Colonization in Groin Linked to MRSA Infection in Adults With HIV

Researchers report that HIV-infected adults are more likely to have methicillin-resistant Staphylococcus aureus (MRSA) infections if the patients have a history of MRSA colonization in the groin or they have had a prior MRSA infection acquired from the community or a health care setting. MRSA colonization is more prevalent among HIV-infected people than among the general U.S. population.

To determine the MRSA risk related to colonization, researchers recruited 600 patients from the Atlanta VA Medical Center. The participants provided a baseline specimen from the anterior nares and groin and supplied two additional specimens at subsequent clinic visits over the next two years. The study aimed to identify participants with MRSA colonization in the nares and the groin and to diagnose MRSA infections.

Initial specimens revealed MRSA colonization in 79 study participants (41 percent in the nares only, 21 percent in the groin only, and 38 percent in both the nares and groin). At the six-month mark, 66 participants had MRSA colonizations; at the twelve-month mark, 62 participants had MRSA colonizations.

During two years of follow-up, 25 study participants developed 29 MRSA infections. Twelve of those who developed MRSA infections during the study had MRSA colonization in the groin only or in the groin and nares at the baseline measurement. The most common MRSA infections during the study were skin, tissue, pneumonia, and bacteremia, and tests found the clinical isolate USA300 in 64 percent of the MRSA infections.
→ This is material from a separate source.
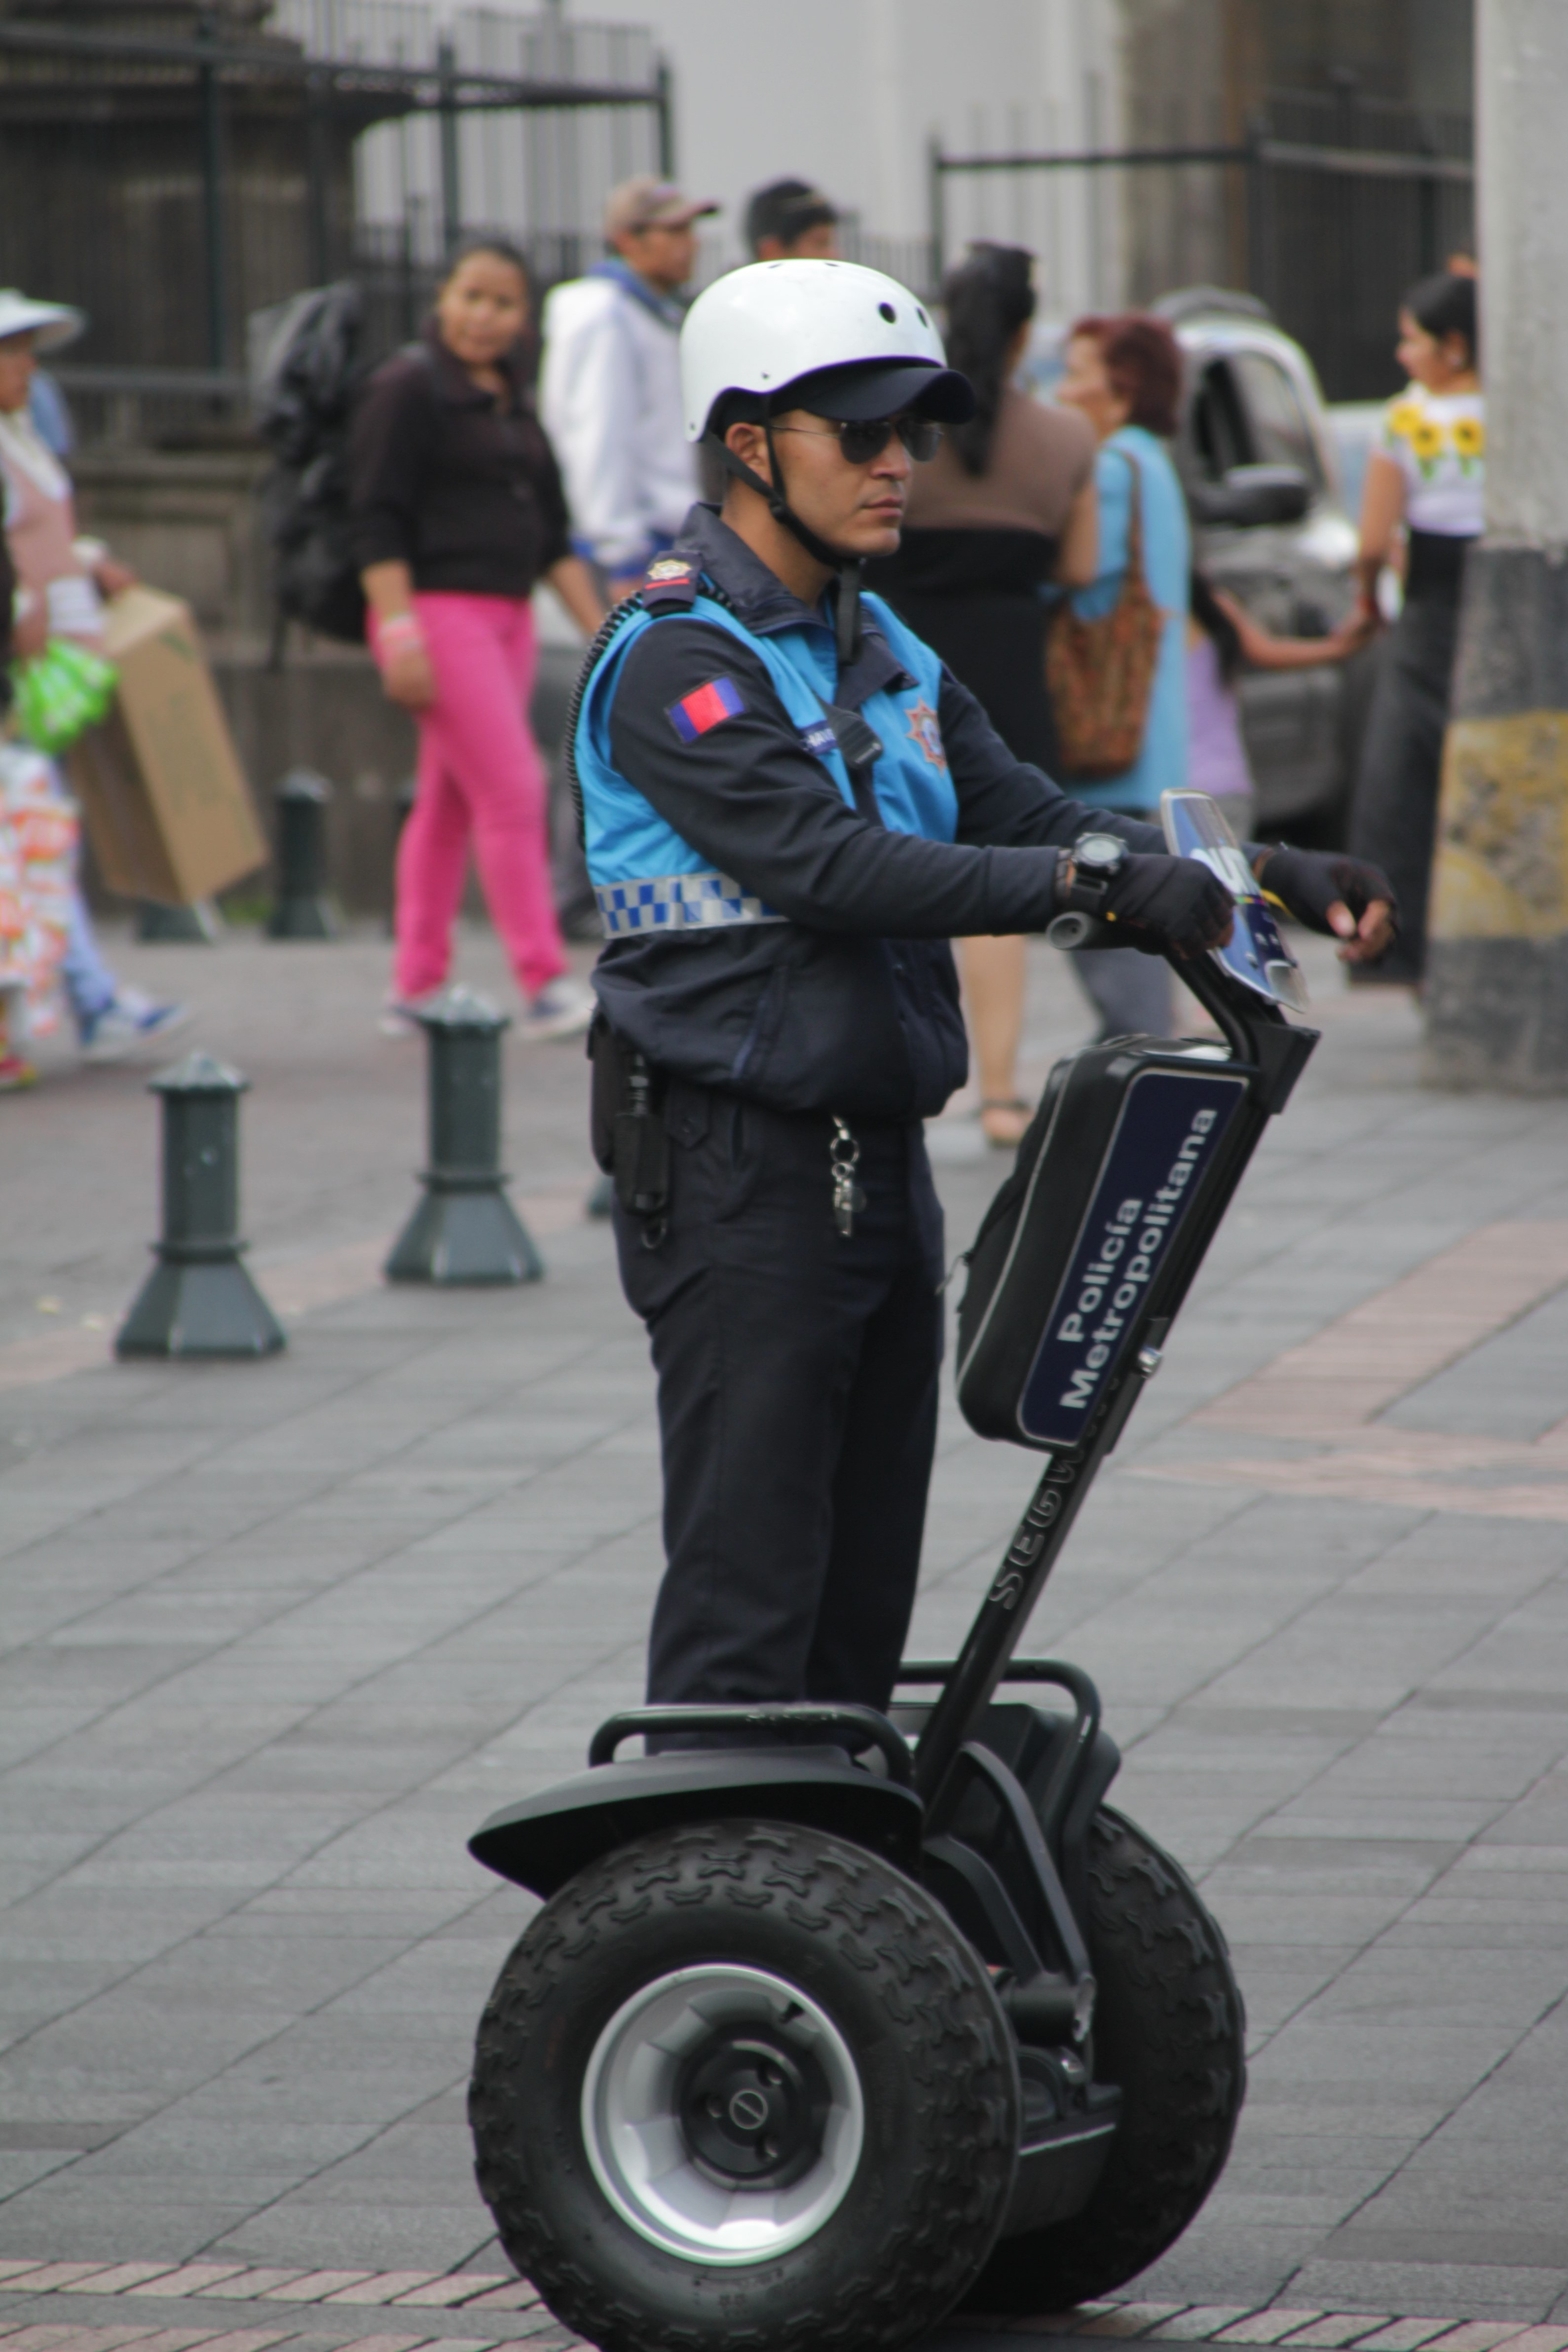 La police, c'est du sérieux (© Jérôme Decoster).

Study authors recommended improved "hygienic practices and decolonization treatment" to eliminate or reduce MRSA colonization and to prevent MRSA infections among HIV-infected adults.

The full report, "Methicillin-Resistant Staphylococcus Aureus Colonization of the Groin and Risk for Clinical Infection among HIV-infected Adults" was published online March 13, 2013, in the journal Emerging Infectious Diseases at URL wwwnc.cdc.gov/eid/article/19/4/12-1353_article.htm.